Chances of lung disease killing you is 31pc higher if parents smoked when you were a child, even though you are a non-smoker, study shows

For the first time, a study has found a correlation between growing up in a home where someone smoked and the likelihood of dying from chronic obstructive pulmonary disease, a lung condition, because of second-hand smoke. Another study shows quitting smoking prolongs your life, even if you risk weight gain and, possibly, diabetes

Wellness
Agencies

Childhood exposure to second-hand smoke is linked to lung disease decades later, according to a study published by the American Cancer Society.

For 22 years, researchers have been following more than 70,000 adults who have never smoked. At the beginning of the study, they were asked whether they lived in a household with a smoker while they were children. Those who did were 31 per cent more likely to die of chronic obstructive pulmonary disease (COPD). This is the first study to find a correlation between the two.

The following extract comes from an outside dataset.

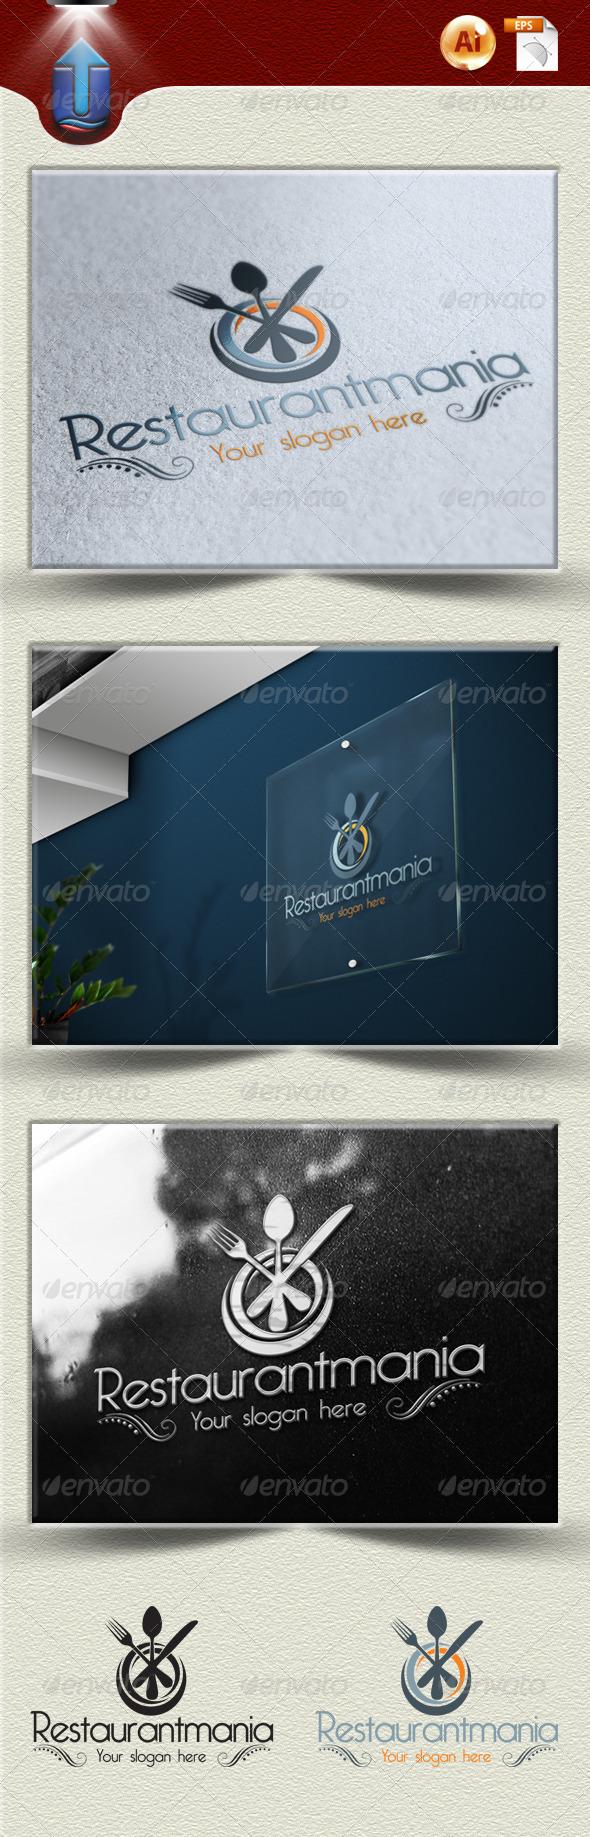 GraphicRiver restaurantmania logo U1 3983921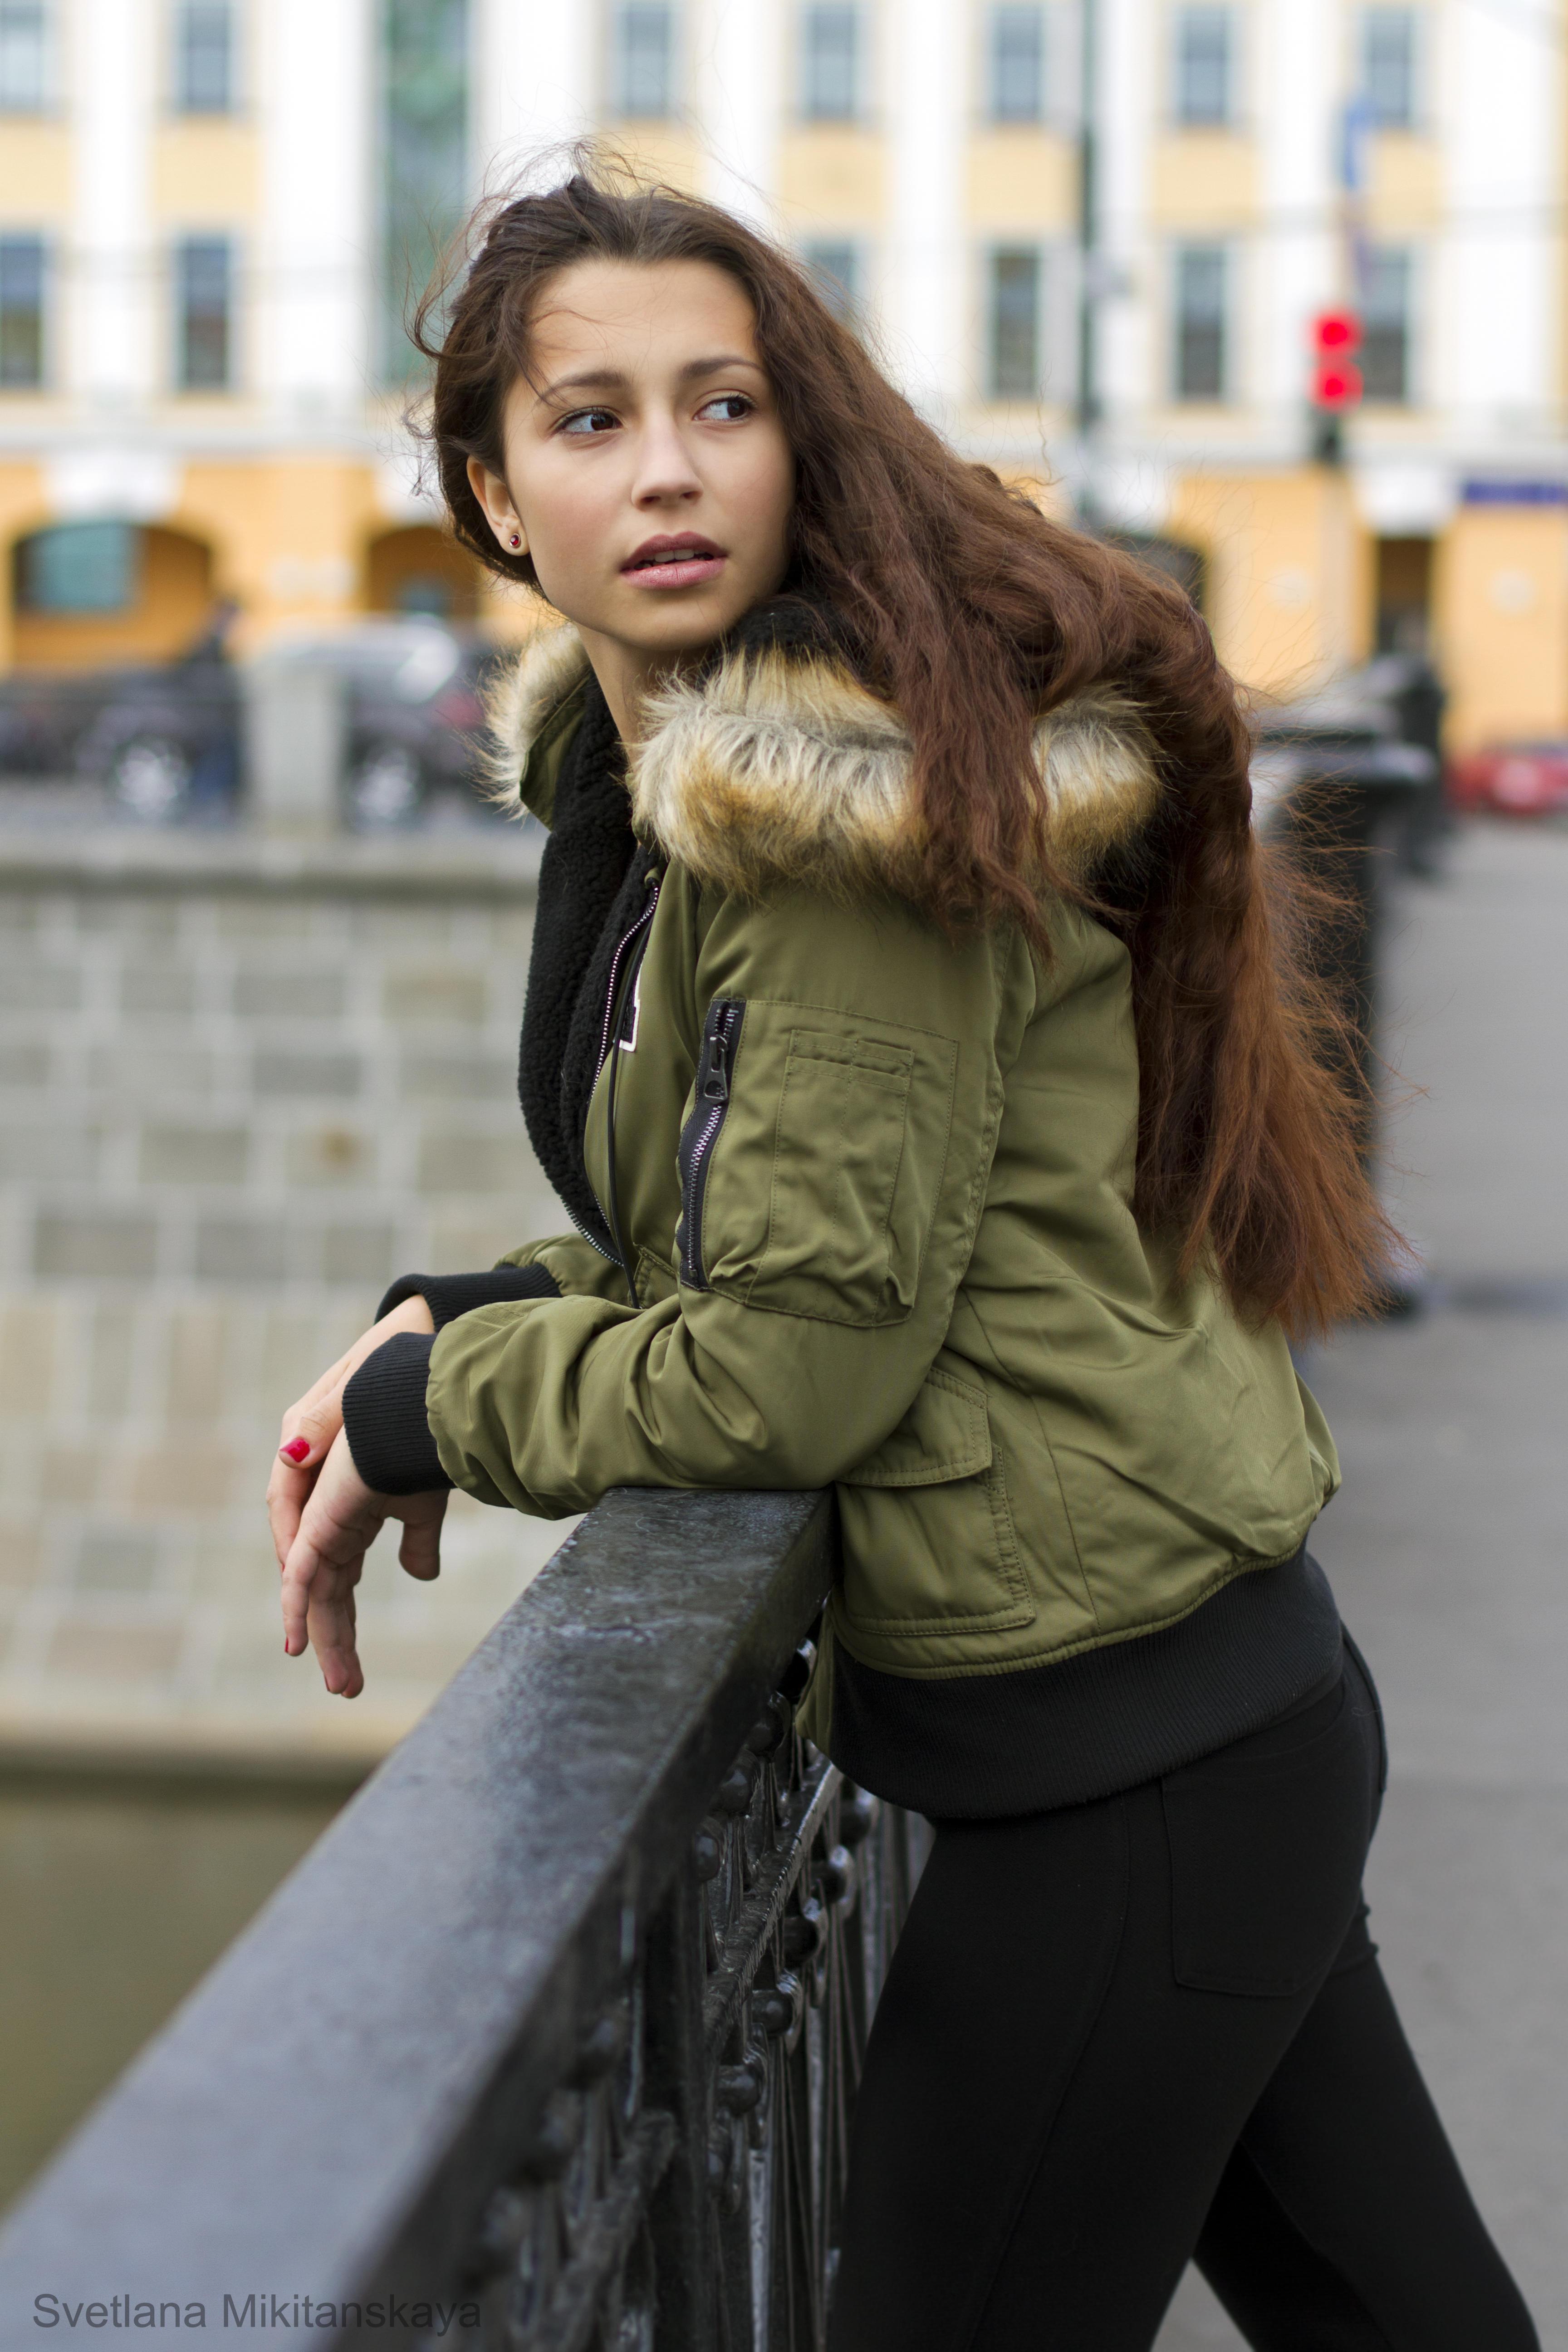 актриса екатерина дмитриева фото работы

“We know that children exposed to second-hand smoke are more likely to have lung problems, asthma,” says Ryan Diver, the director of data analysis at the American Cancer Society and lead author of the study.

The surgeon general defines second-hand smoke as both the smoke from the burning cigarette and the smoke exhaled by smokers. “Whether you are young or old, healthy or sick, second-hand smoke is dangerous,” the surgeon general’s report said, “no amount of second-hand smoke is safe.”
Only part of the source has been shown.